In a passionate 11-minute address, Kerry Kennedy sought to portray Biden as someone walking in step with the values of her father and uncle, citing the 15 million new jobs that have been created since the great pause of Covid, arguing that wages are up and inflation is coming down, that he appointed more black women to circuit courts than every other president combined.

She didn’t mention her brother, Robert F Kennedy jnr, or explicitly reference his independent bid for the presidency, but her introduction clarified the ideological chasm between them.

“President Biden has been a champion for all the rights and freedoms that my father and uncle stood for.
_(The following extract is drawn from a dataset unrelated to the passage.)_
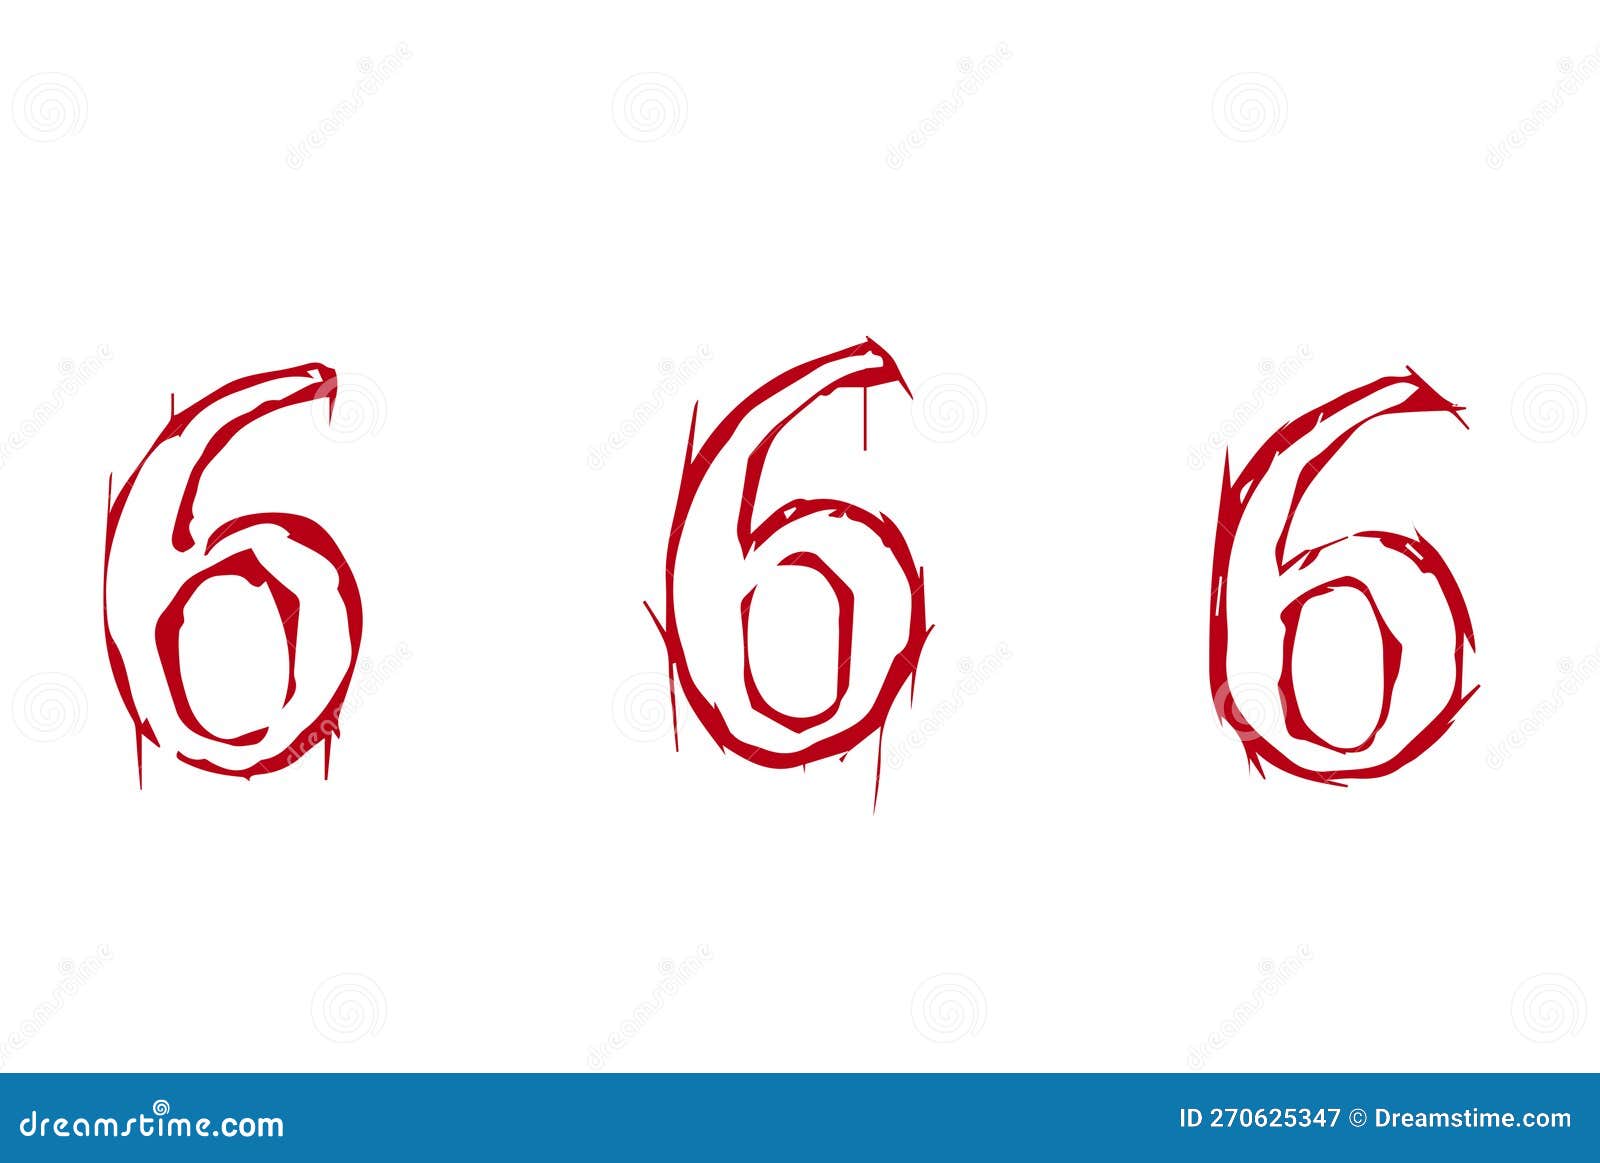 occult number 666.  of demonology and summoning evil demons

That’s why nearly every single grandchild of Joe and Rose Kennedy supports Joe Biden. That’s right. The Kennedy family endorses Joe Biden for president.”

It was an effort to reclaim the family mystique and aura that has helped RFK jnr to generate eye-catching numbers in the polls, voters who might be tempted to switch from Democrat to Kennedy this November. She referenced her father’s 1968 warning about the “perilous course” the United States would take under the wrong leadership, and never has that fear been so alive as it is for many Americans as summer approaches.

Little wonder that that night watching television at home has remained such a sharp memory for Kerry Kennedy. One moment her father was on the couch watching the turbulence and, in a flash, he was inside the television, a part of history.

It has almost been forgotten that when RFK announced his candidacy in 1968, CBS correspondent Roger Mudd noted that the former attorney general was doing so “in the face of almost solid opposition from the Democratic Party professionals” to his bid. But from Kennedy’s announcement in the Senate caucus room in the Capitol, the breadth of his promise was evident.

“These are not ordinary times,” he said during that address in a line that must seem particularly relevant to his children and wider family this summer.

“And this is not an ordinary election.”